I have a pesky problem that isn't clearing up, and I'm in pig-headed mode right now. I injured my back several years ago, and due to what spine specialists and other professionals have said, I have just given in to the fact that I may live with this pain, lack of function, and injury forever. 

About two weeks ago, I spent a few days doing laundry, cleaning, and just being extremely active. I wasn't listening to my body (I do this quite often) and I should've stopped to rest. But I didn't. My foot started hurting. My back and leg and sciatica started acting up really bad - I have been having spasms, a very hard time walking or functioning, etc.

When I sit down, my foot cramps and hurts like hell. When I walk or put my shoes on, it is the same way. I wake up in the morning and face my day, but I do it with tears in my eyes as of late. I keep hearing other folks say, "go to the hospital" because I have no primary care physician (there is a shortage where I live). I won't go though. I think I'm not going to get treated. I feel as though they are going to either tell me to lose weight or say that the treatment I am getting is par for the course and there is nothing they can do for me that isn't already being done. 

So what do I do? Do I continue to suffer, rest, and hope this goes away? I have a life to live and a child to take care of - and I can't be out of commission.

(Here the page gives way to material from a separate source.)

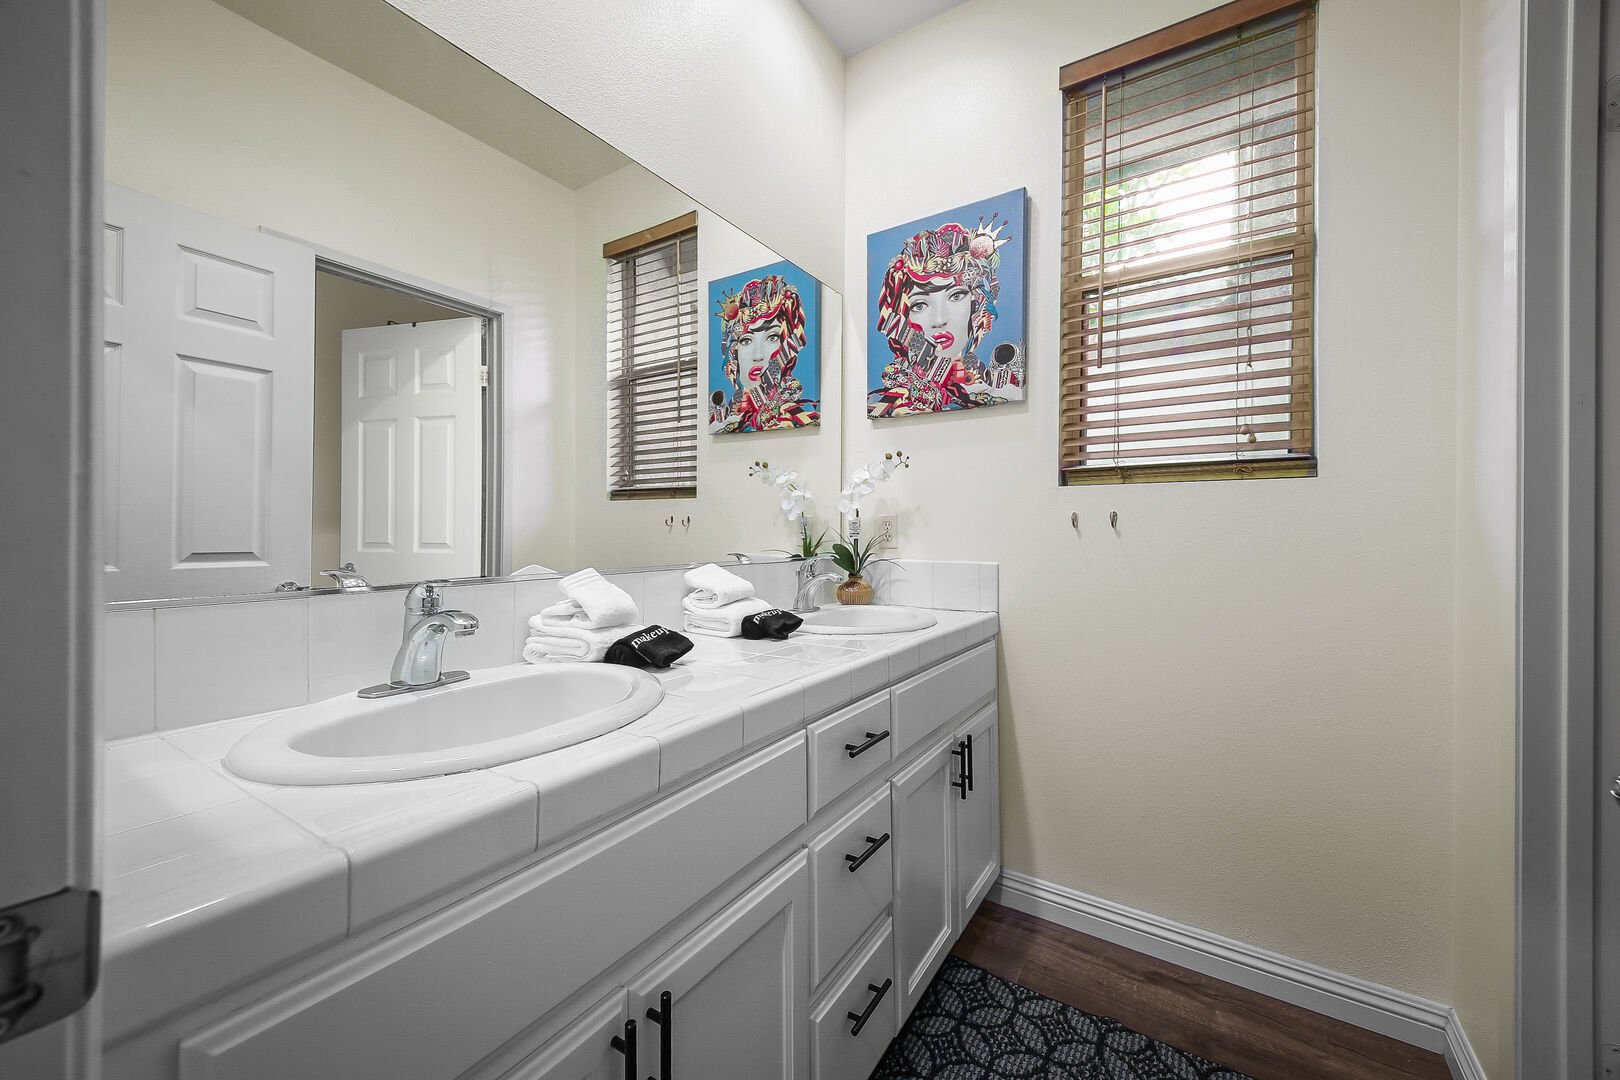 Hallway bathroom features a soaking tub, tile shower and a vanity sink.

I can't NOT get out of bed in the morning even if that means I cry because of the pain and loss of function. I am just frustrated and getting tired of having to live this way.

HELP!


----------



## SamanthaNY (Mar 12, 2009)

Three things occur to me after reading your post: 

First, I'm sorry that you're suffering with this pain. I hate the fact that you wake up fearing the day because of the pain you're enduring. 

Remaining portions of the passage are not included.